В ту ночь была оттепель, не свойственная этому времени года. Когда гроб перевезли на стадион в Лужники, пошел дождь. Ближайшую станцию метро закрыли. На улицах была слякоть и глубокие лужи. К раздражению скорбящих, вокруг стадиона собралось много милиции и солдат, и толпы людей пытались попасть на стадион для участия в гражданской панихиде, которая временами больше походила на политический съезд. Елена несколько раз обращалась к толпе: «Это не 1953-й. Вы отдаете честь Сахарову». Она вспомнила панику, царившую на московских улицах в марте 1953 года, во время которой множество людей были задавлены насмерть. Теперь же люди в толпе держали плакаты с зачеркнутой цифрой 6. Несли флаги республик, боровшихся за независимость. И снова Елена обратилась к толпе, чтобы прекратить давку. «Вы просите у Сахарова прощения, а сами не можете отступить на три метра!» И люди послушались ее. После митинга гроб перевезли на Востряковское кладбище и опустили в землю. Было уже темно.
Я вернулся в гостиницу «Россия» и обнаружил, что там накрыт стол на 250 человек. Горбачева не было, но пришли многие партийные руководители и члены Академии наук. Присутствовал Борис Ельцин, в то время полуоппозиционная фигура; без всякой на то причины он отделился от группы друзей, подошел ко мне, пожал мне руку, а затем снова вернулся к своим. Мне удалось немного поговорить с Еленой. «Николас, я хотела, чтобы Вы пришли», — сказала она. Я счел это обычной вежливостью, но был немало тронут, когда ее дочь Татьяна сказала: «Сомневаюсь, что она сделала это просто из вежливости». Лех Валенса и его друг Адам Михник опоздали на час. Их самолет из Варшавы отправили в Ленинград, поэтому они не успели на похороны. Иностранцев было мало, и я был предоставлен сам себе, а затем оказался за столом вместе с Сергеем Ковалевым, Львом Тимофеевым, Феликсом Световым, Зоей Крахмальниковой и Дмитрием Лихачевым, который несколько часов назад выступал с речью на похоронах. Все они когда-то сидели в тюрьме за свои политические взгляды. А все сидевшие за соседним столом, сытые и хорошо одетые, были академиками и коммунистами; они занимали высокие посты, но были готовы покончить со своим коммунистически прошлым и вскочить в последний вагон уходящего поезда сахаровской славы в надежде, что русский народ простит их или забудет.
Мы пили за светлую память Сахарова.

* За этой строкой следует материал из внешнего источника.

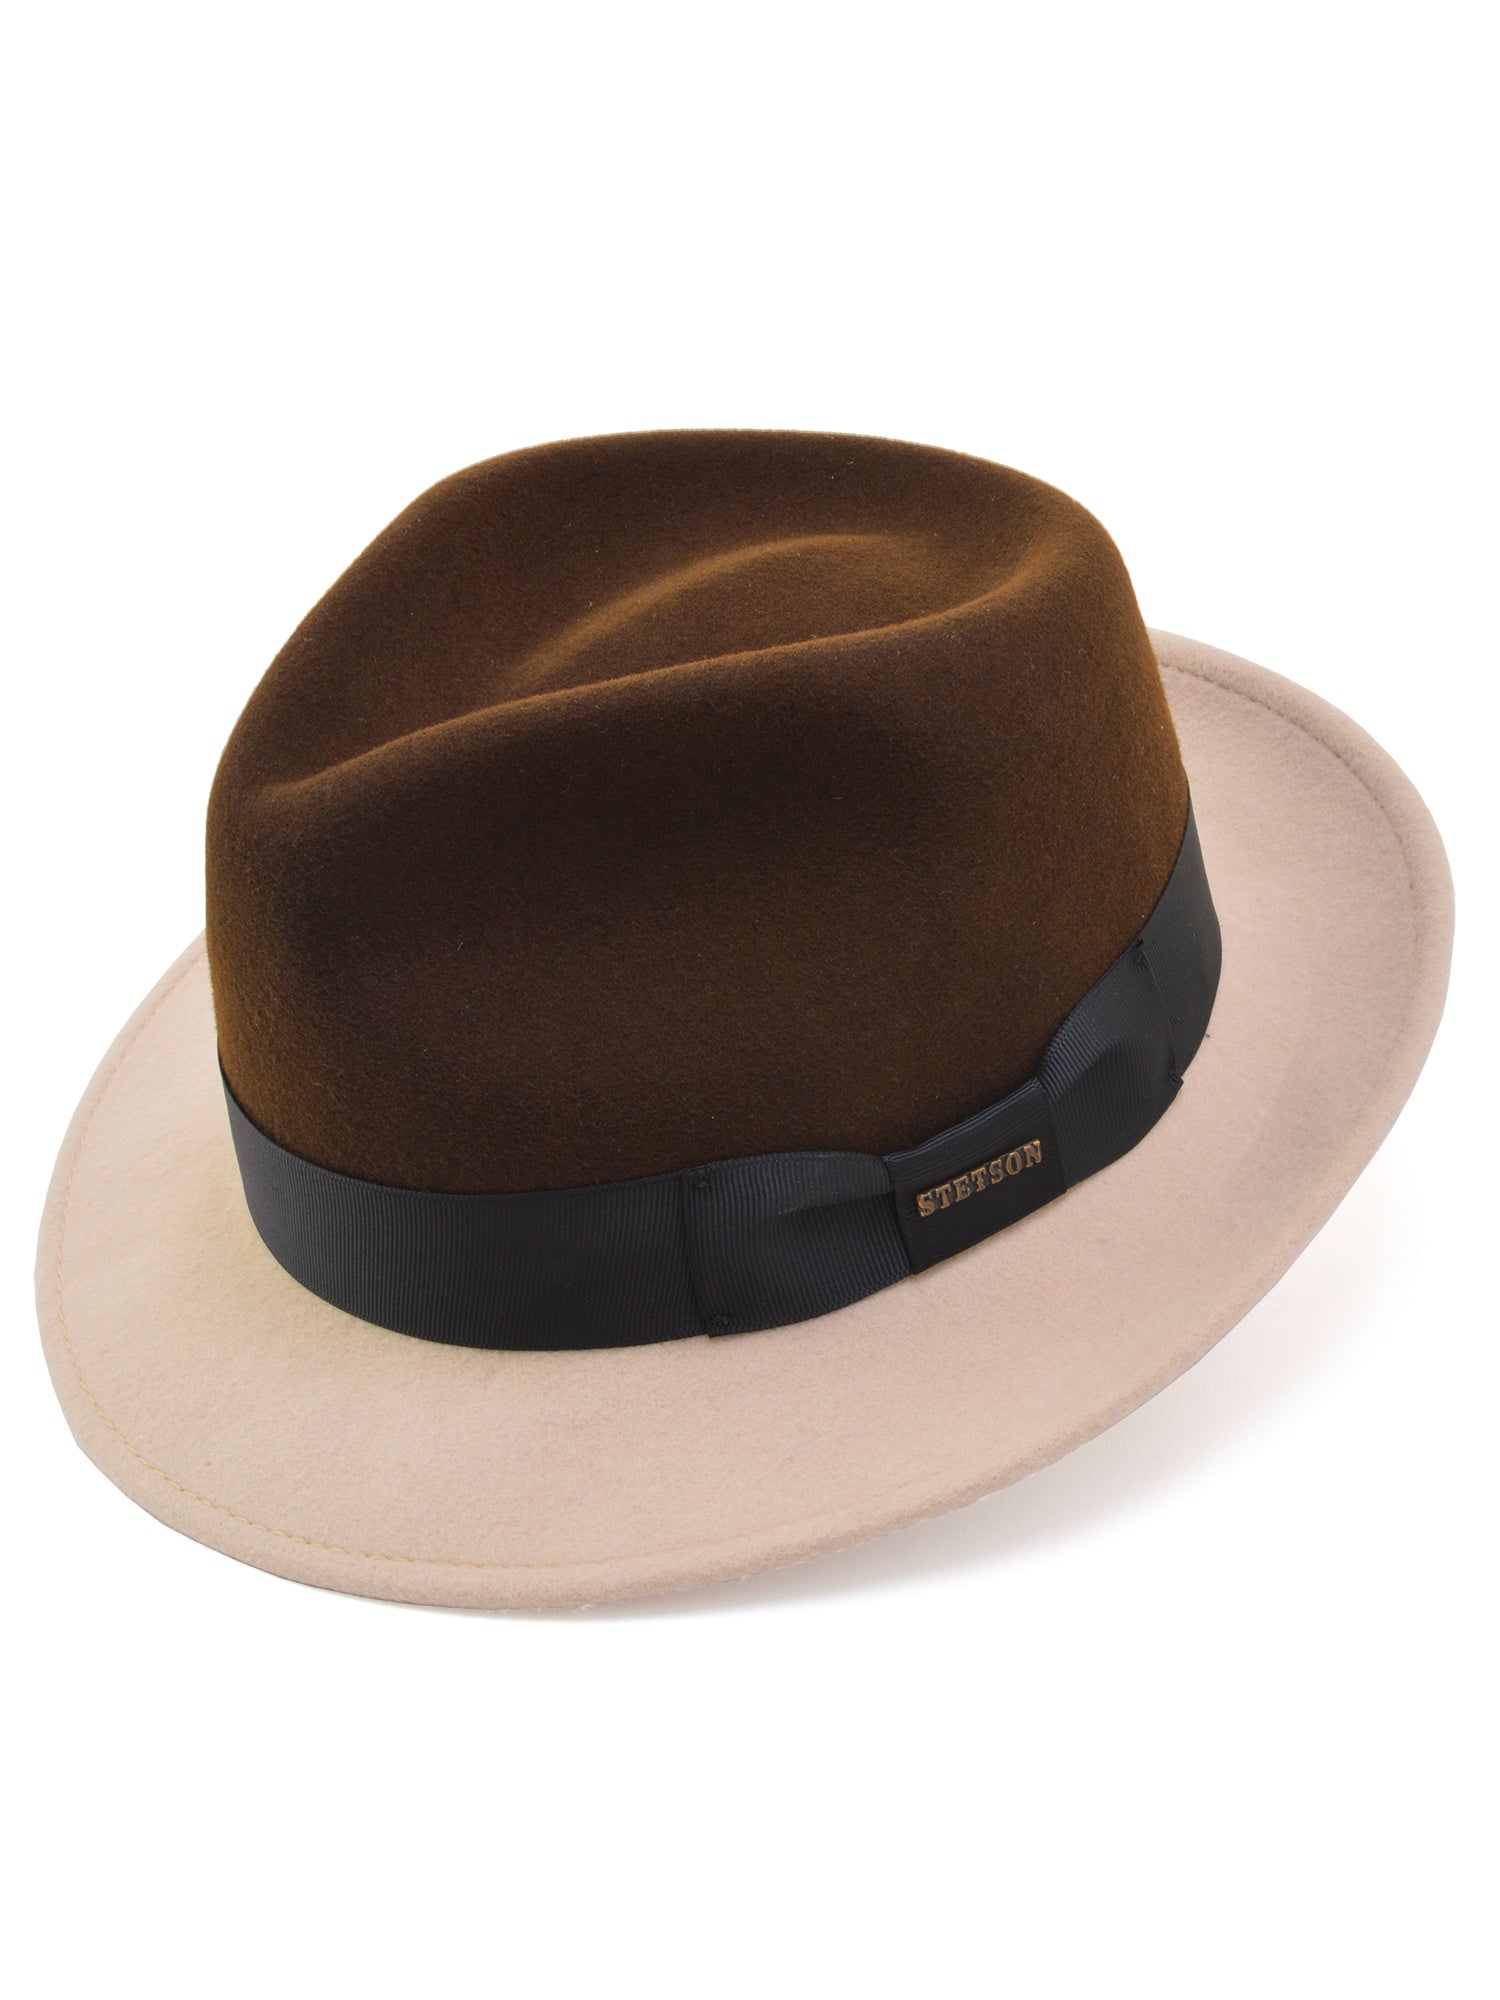 Stetson Two-Tone Duetoni Fedora Hat in Tan / Brown

Советская система и империя все еще существовала, но почти все политические заключенные были выпущены, цензура стала куда мягче, и Центральная Европа начала освобождаться. В тот же день я услышал репортажи Би-би-си о беспорядках в Бухаресте против режима Чаушеску. Было ясно, что следующим падет румынский диктатор. Каждый человек, сидевший за столом, имел свои собственные причины быть благодарным Сахарову за все происходящее в этих странах. Елена подошла к микрофону и поприветствовала нас. «Я не ожидала, что это случится так скоро», — сказала она голосом, полным тихой скорби. Несколько друзей Андрея проводили ее в зал, потом каждый говорил в течение 5-10 минут. Затем слово взял Ельцин. Мне кажется, мы все уже знали, что он — человек будущего. Затем по очереди выступали члены Академии наук, затрагивая темы, касаться которых пять лет назад было категорически запрещено. Я почувствовал, что пора уходить, и подошел к Елене. Мы обнялись, и я вернулся в свой номер и стал собирать вещи, слушая прогноз Би-би-си о неизбежном крушении социализма в Румынии.
Опасное десятилетие подходило к концу. Прошло почти десять лет с тех пор, как Брежнев повысил ставки в «холодной войне», введя войска в Афганистан и арестовав Сахарова прямо на улице. Великий ученый умер. Но даже разделяя скорбь всей России, я чувствовал странную бодрость при мысли об этом человеке, достигшем огромных успехов в битве против несправедливости советского режима. Я был счастлив, что смог отдать ему последний долг в день его смерти и триумфа.